+++ Given information +++
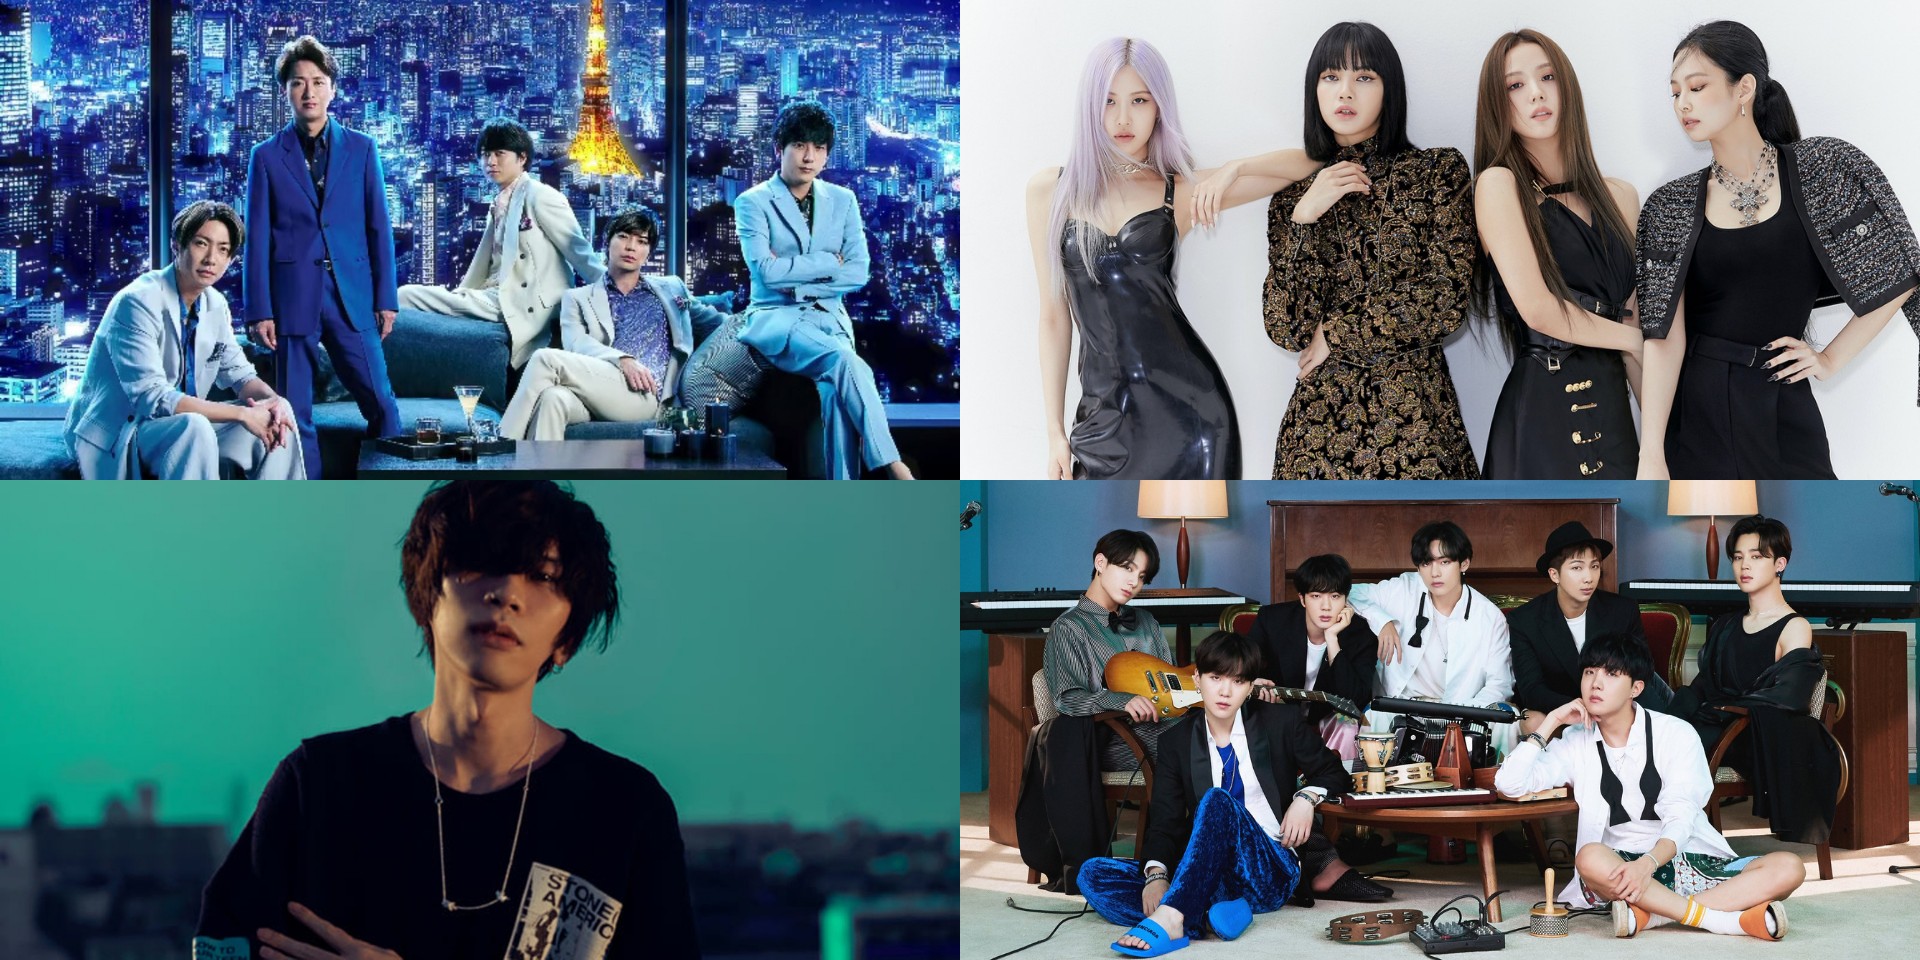 K-pop and J-pop acts top 2020 global album sales – BTS, Kenshi Yonezu, BLACKPINK, ARASHI, and more
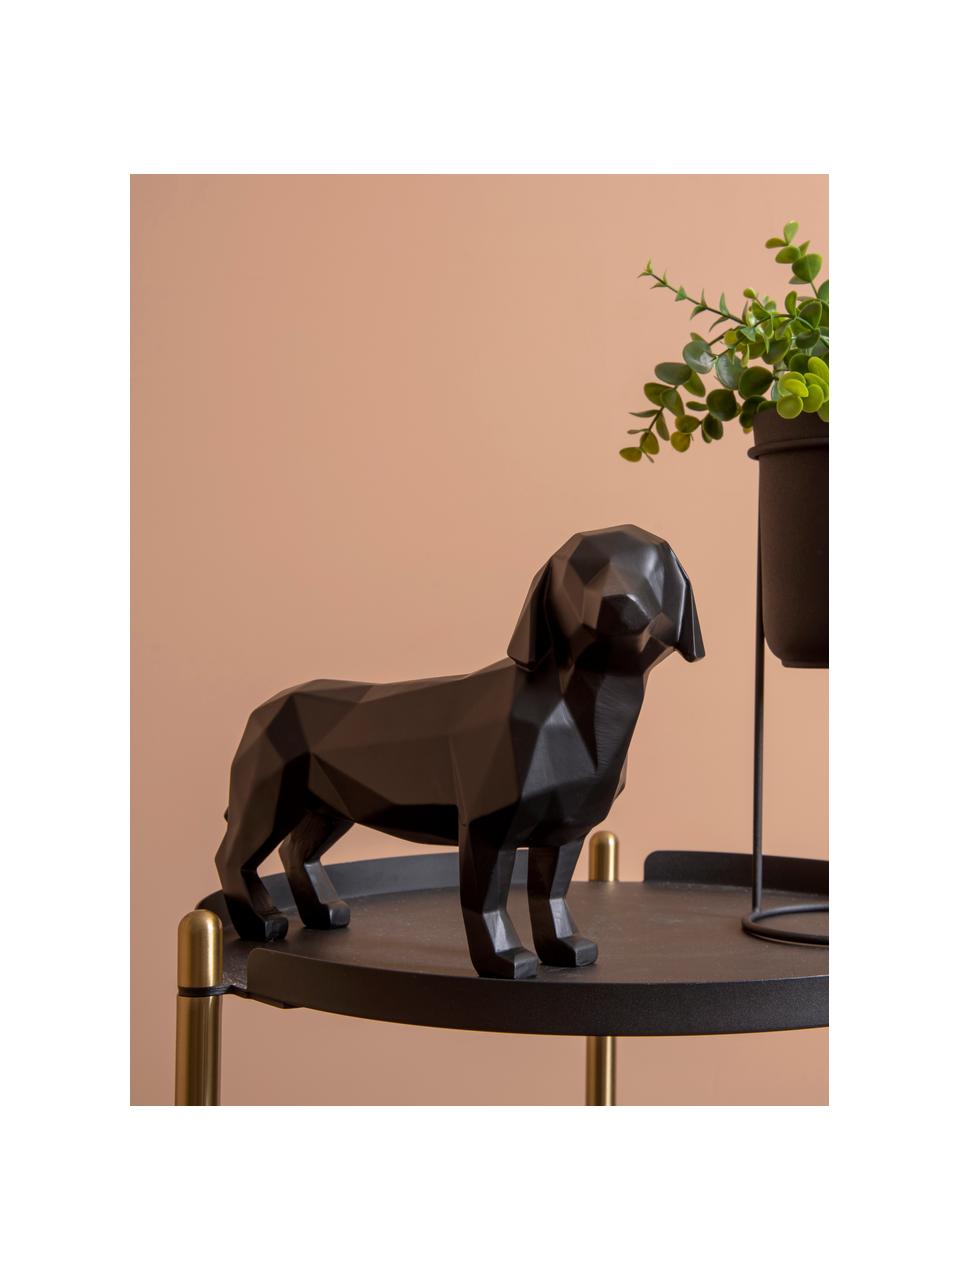 Dekoracja Origami Dog, Tworzywo sztuczne, Czarny, S 30 x W 21 cm
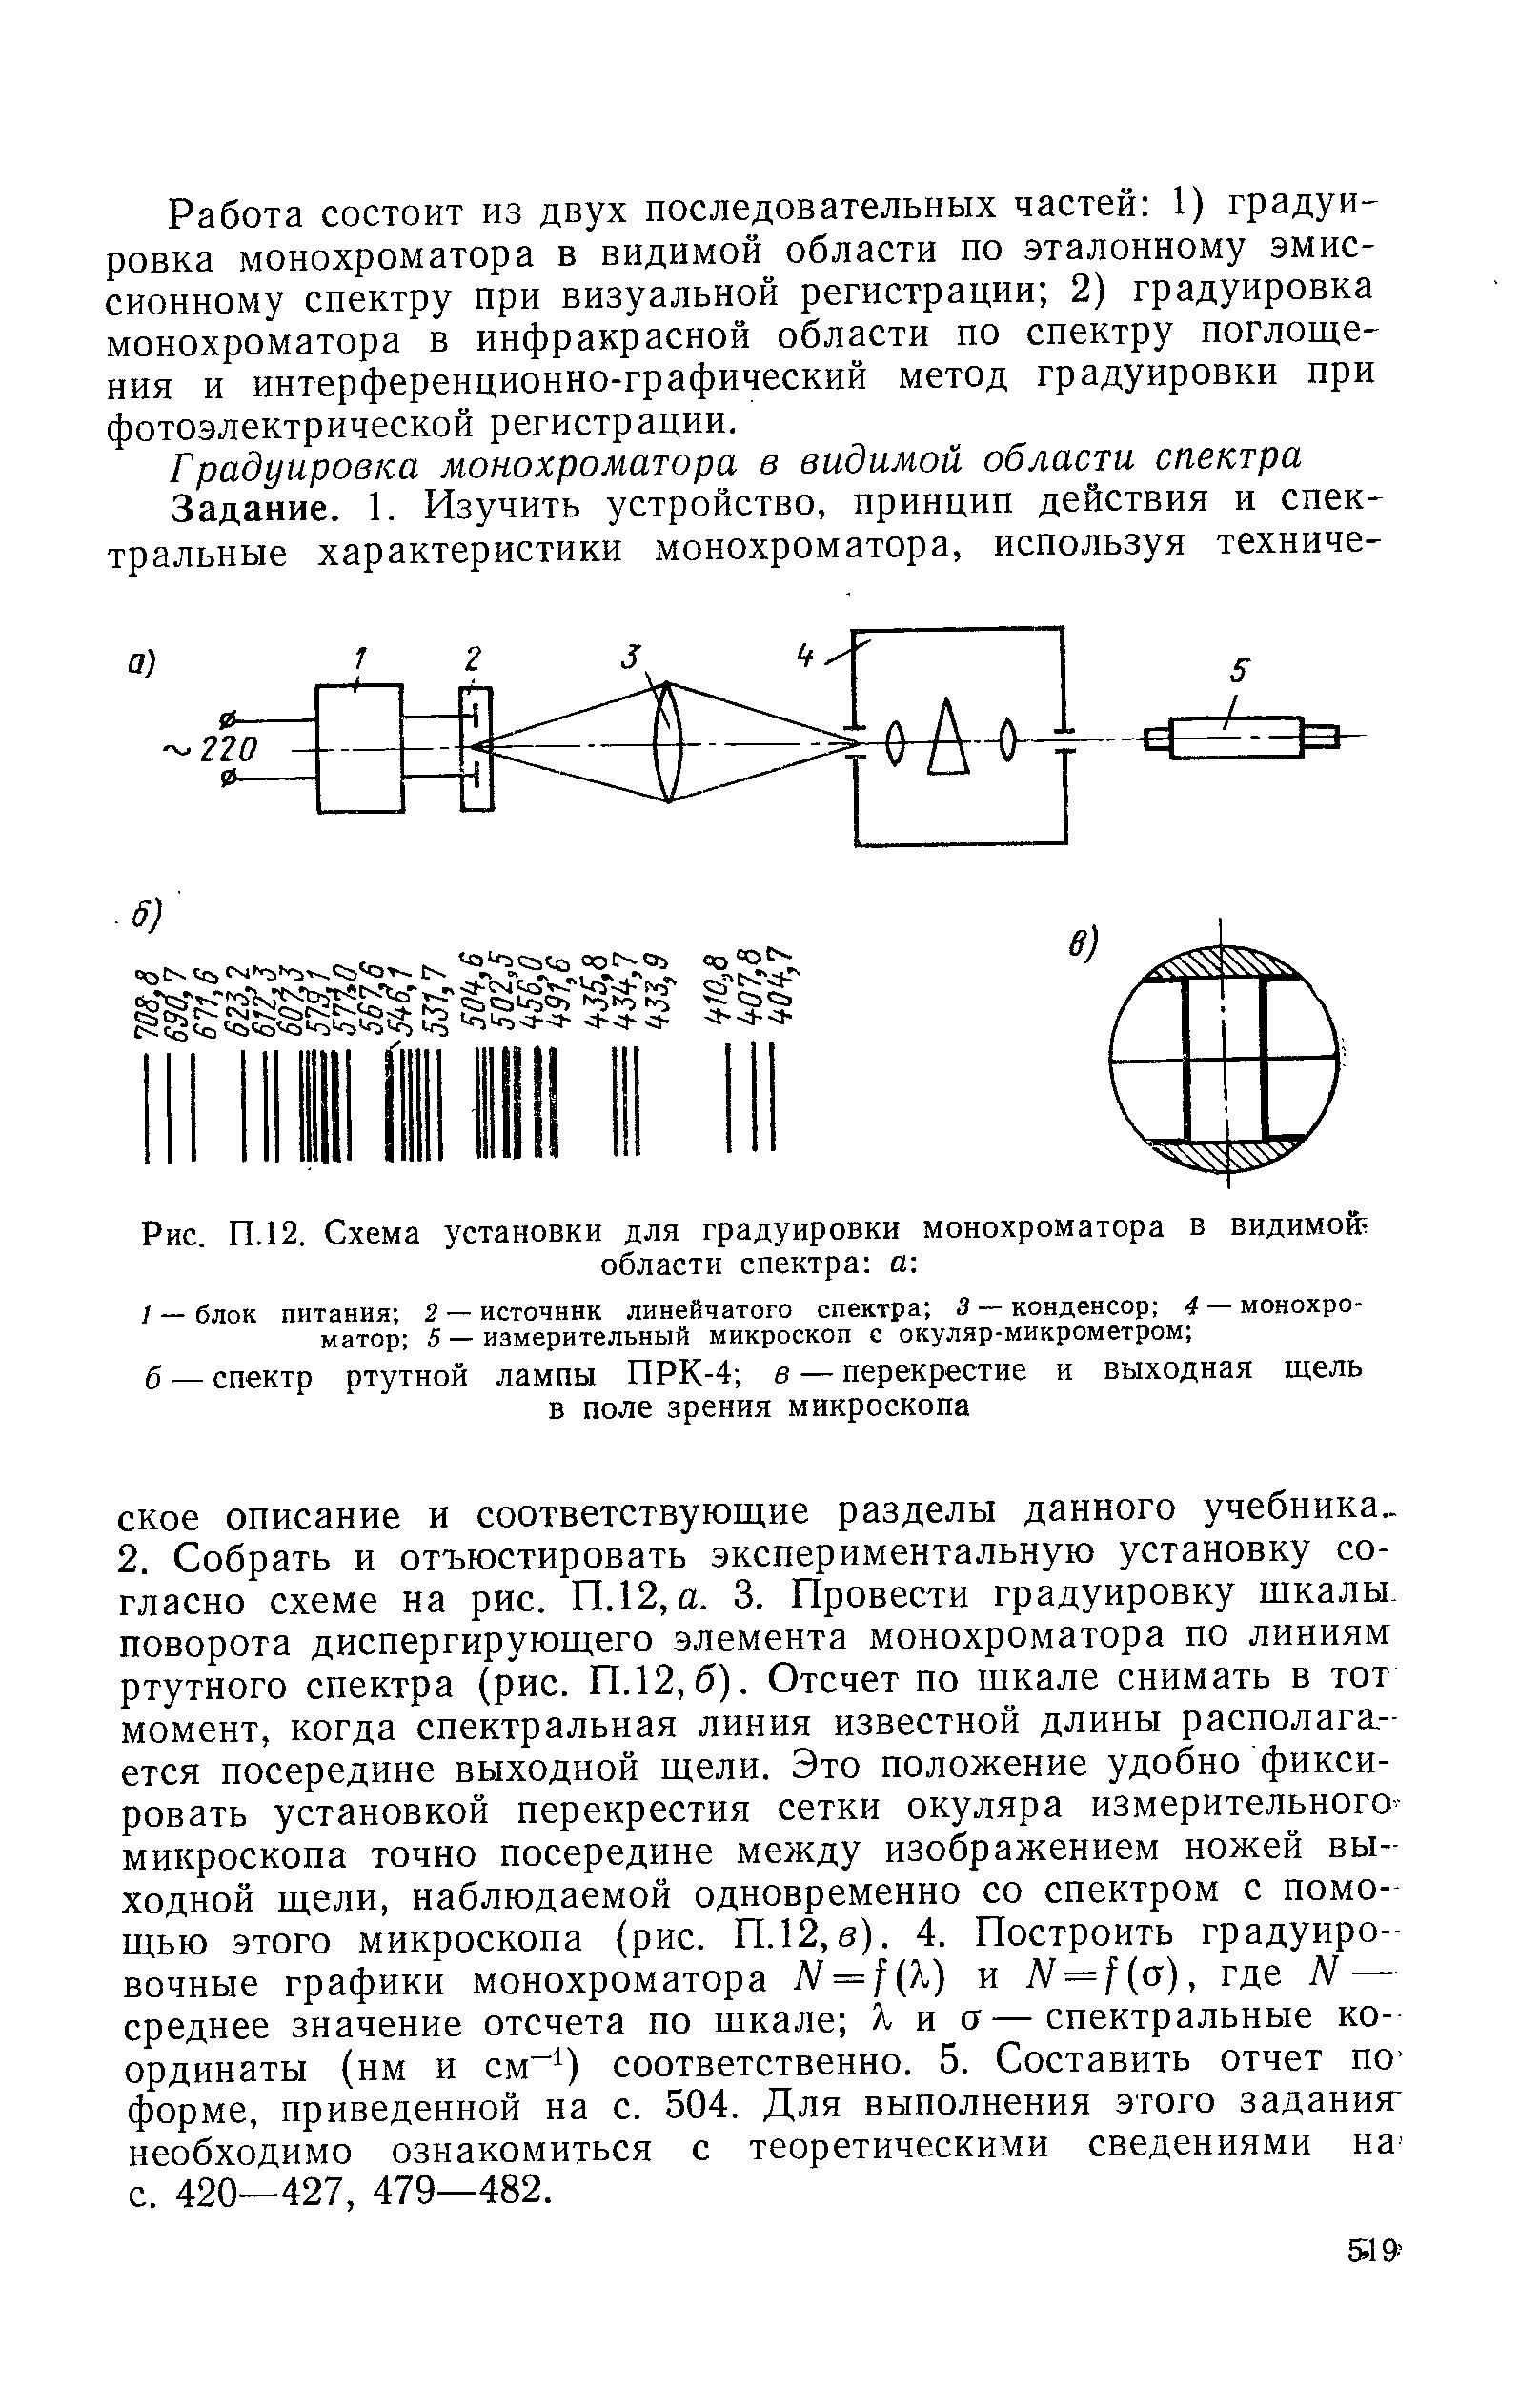 Рис. П. 12. Схема установки для градуировки монохроматора в видимой
+++
== Work instruction ==
Transcribe the whole listing exactly as it stands, apart from the pictures.

== Output of the task ==
 K-pop and J-pop acts top 2020 global album sales – BTS, Kenshi Yonezu, BLACKPINK, ARASHI, and more
 Dekoracja Origami Dog, Tworzywo sztuczne, Czarny, S 30 x W 21 cm
 Рис. П. 12. Схема установки для градуировки монохроматора в видимой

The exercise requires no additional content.